Much of the aspects under consideration have to do with utilities that have nothing to do with the fire departments. For example, hydrants are not owned by fire departments, but rather the water utility for that area of the county, with the fire departments using and checking them, but not having to maintain or repair them.

The ISO rating concerns far more than the financial and physical wellbeing of current residents. It also affects where they will work, shop and play, or economic prosperity overall, as well as how much of the tax burden they will bear for community infrastructure, versus taxes generated by businesses and retail sales.

It is a vital factor that companies consider when selecting a community in which to locate their operations.

“It definitely makes communities more marketable,” said BCFR Assistant Chief of Operations Mark Lighthill, who oversees the ISO process. It will take about a week for the audit and three months to compile the data to arrive at a new ISO rating.

“A big corporation may not locate their operations in an area where they have to pay exorbitant rates for insurance,” Lighthill said. “The rating can mean hundreds or thousands of dollars a year to their 

bottom line.”

While the improvements to the BCFR system will result in better services to Viera and Suntree, the investments also pay off county wide.

Station 48 is a training ground for crews around the county, with special equipment allowing for a variety of emergency drills.

The new tiller at Station 80 will benefit areas outside the Suntree area.

“It’s an amazing piece of equipment that can be helpful in so many situations,” said Station 80 Lt. Aaron Pritchard. “We definitely are looking forward to deploying it as soon as we have trained all our staff to use it.”

Like stations 48 and 80, crews from Station 47 on Murrell  Road help out where needed, especially when specific equipment is required.

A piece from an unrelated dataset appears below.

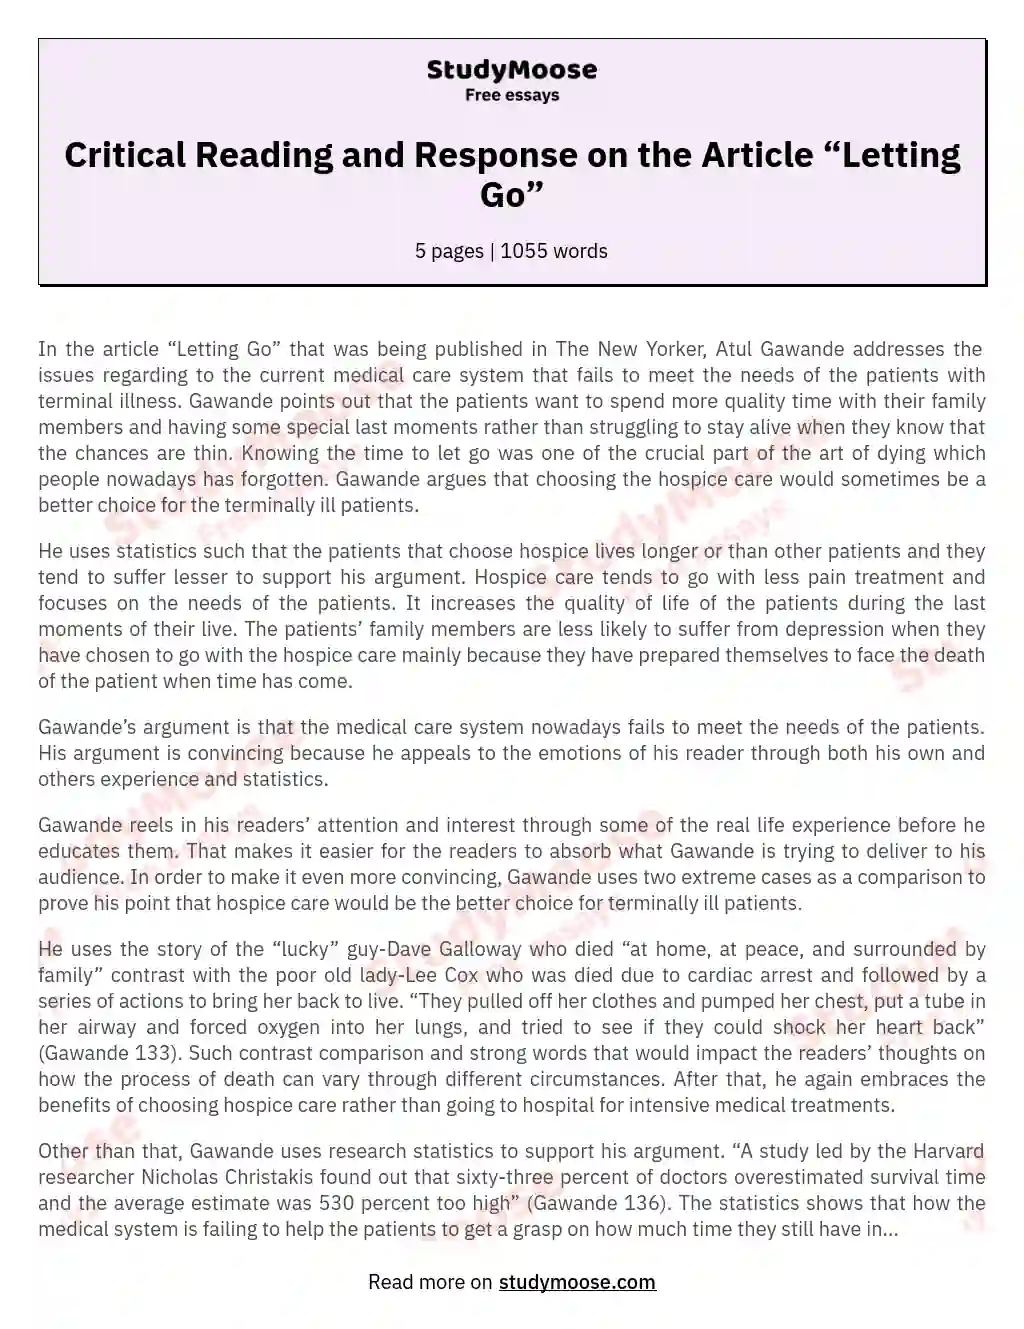 Critical Reading and Response on the Article “Letting Go” essay

 “We routinely respond beachside,” said Lt. Pam Rudnicki of east Viera’s Station 47. The station has a powerful aerial platform that is capable of shooting an aerial column of water directly from the unit that can reach about 160 feet in height.  

All of the equipment fits into a master plan to address the current and future needs from one end of the county to the other. In addition to engines and aerials, the plan includes large water tankers for rural areas. These tankers provide volumes of water that utilities are unable to provide in response to larger fires in the more rural areas.

 “The improvements are definitely an investment and as in any case, you always have to make sure that what you are spending is worth the return on that investment,” said BCFR Chief Larry Collins. 

“By improving our ISO rating for the next five years, that means not only that our residents and their property will be safer, but in the long view, current and future citizens and their employers will also realize dividends from that investment in lower insurance rates down the road.”